Seven Steps to Mindful Reading
Being an efficient and prolific reader makes you a more interesting conversationalist and a better critical thinker. Lifelong learning is a great way to keep your marbles. But isn’t it frustrating, weeks or months later, to barely recall the title, maybe the author and only glimmers of the content? Some reasons include:
- slow reading (btw, that’s not a bad thing)
- time constraints so books get read in bits and pieces
- trying to read multiple books on different topics at a time
- not finishing a book
- a lack of note-taking
- an aging working memory
All these reasons affect deep processing of information and shake our confidence for learning new things. Here are 7 very effective steps to enhance reading comprehension and recall:
- Have an intention for choosing certain books or articles over others. I usually choose books on communication, psychology, mental health and brain research, because these areas are most pertinent to my work.
- Skim the book or article first. Review the table of contents; flip through to find graphs or illustrations.
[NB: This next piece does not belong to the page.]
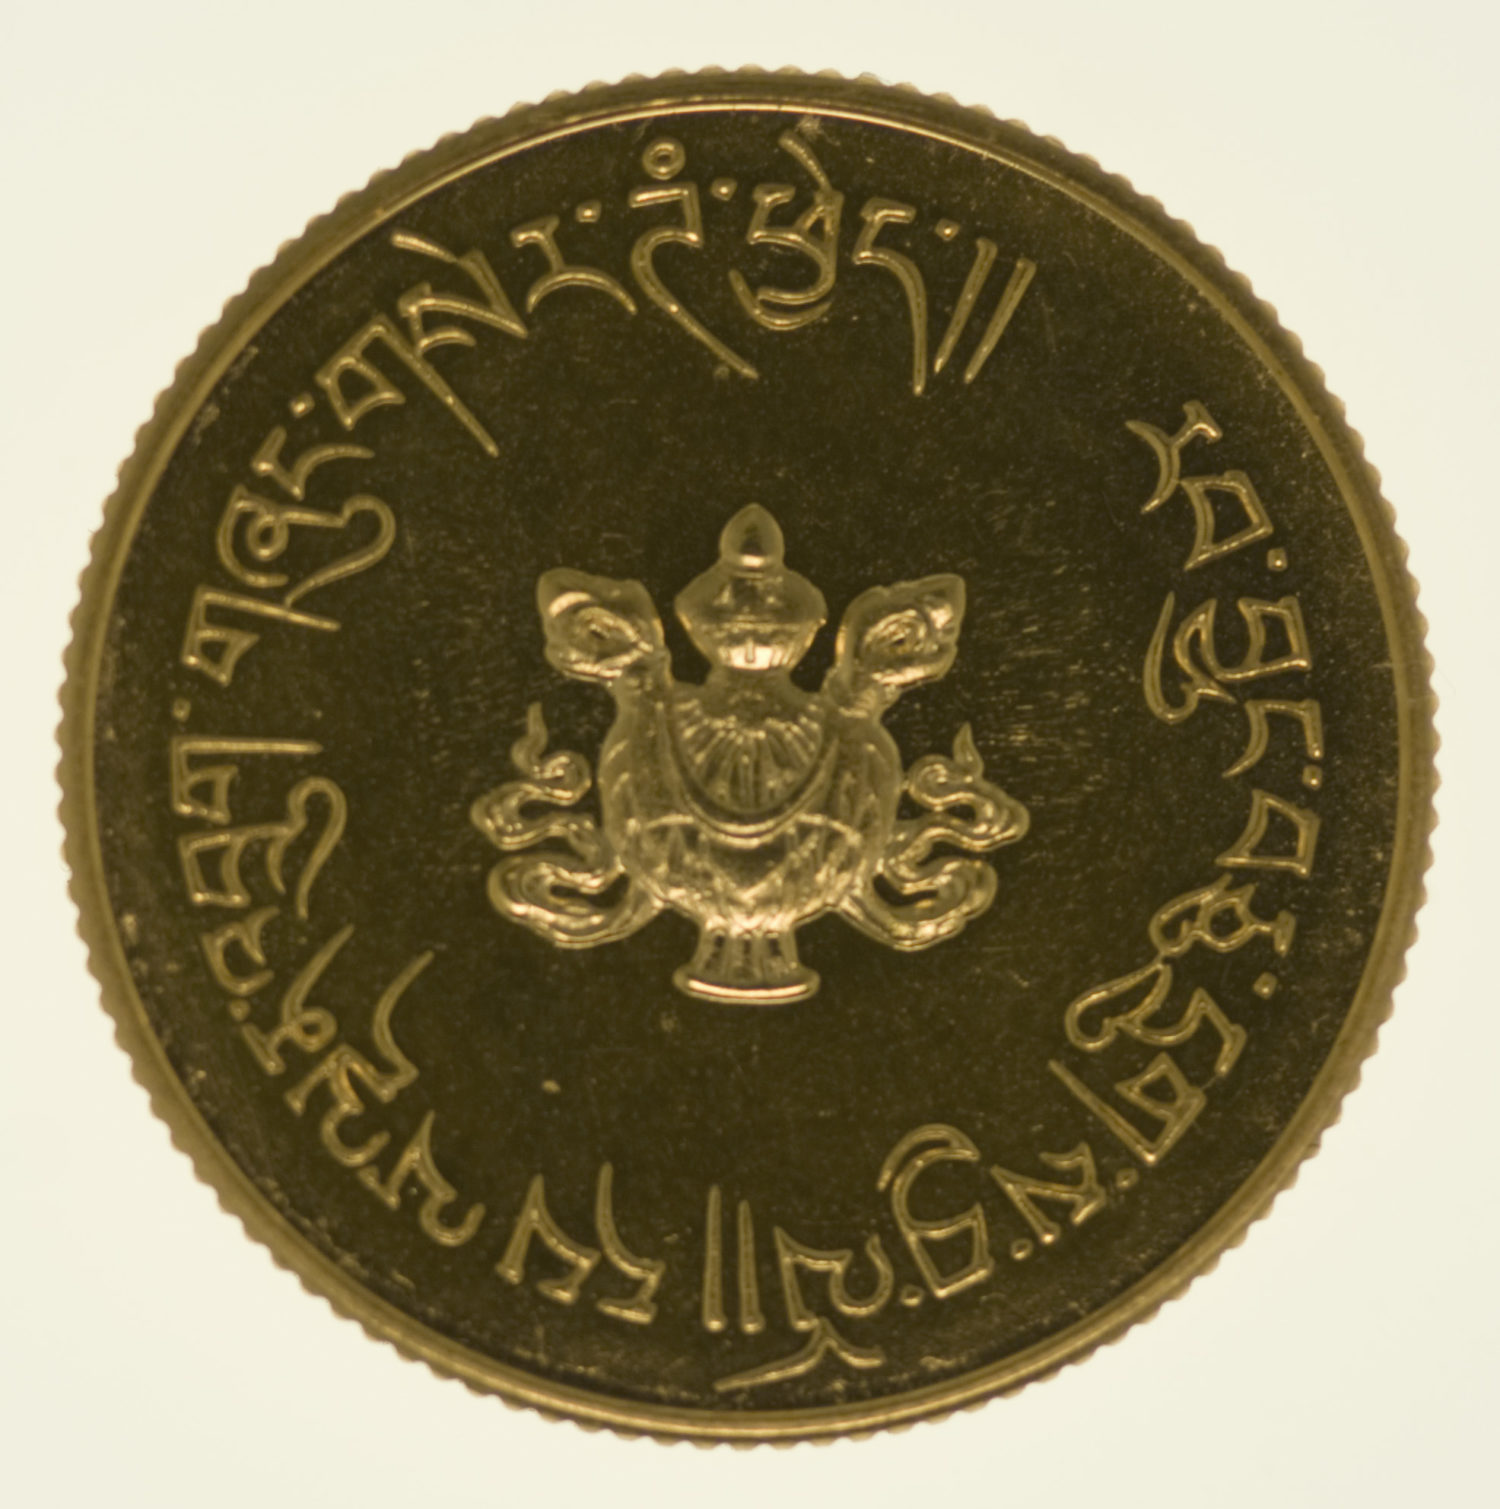 bhutan - Bhutan Jigme Dorji Wangchuck Sertum 1970

Your brain will immediately start scanning for what you already know about the topic.
- Elect to read when and where your concentration is maximized – low distractions, emotional readiness to focus, a decent chunk of time, good light, etc.
- Have pencil in hand. Annotate, or use small yellow stickies as bookmarks with key words or concepts you want to remember. Highlighting is overrated; it’s mostly a good hand exercise. The act of writing typing your thoughts aids retention.
- Use visual imagery when possible. For fiction, imagine the characters and the settings as you read. With non-fiction, pause to visualize situations, behaviors, concepts and processes.
- After each chapter, particularly with non-fiction, review your annotations or yellow stickies to burn in what you learned. Learning builds on what you learned previously. In this way, by chapter 8 you would have reviewed notes from chapter 1 seven times! This kind of rehearsal significantly enhances retention.
- For extra credit, start a journal called Books 2018. Take 1-2 pages per book and jot down the title, the author, and the main points in bulleted form. Write a paragraph or two about what you learned and how it applies to your life or work. Use your stickie notes or annotations if you must.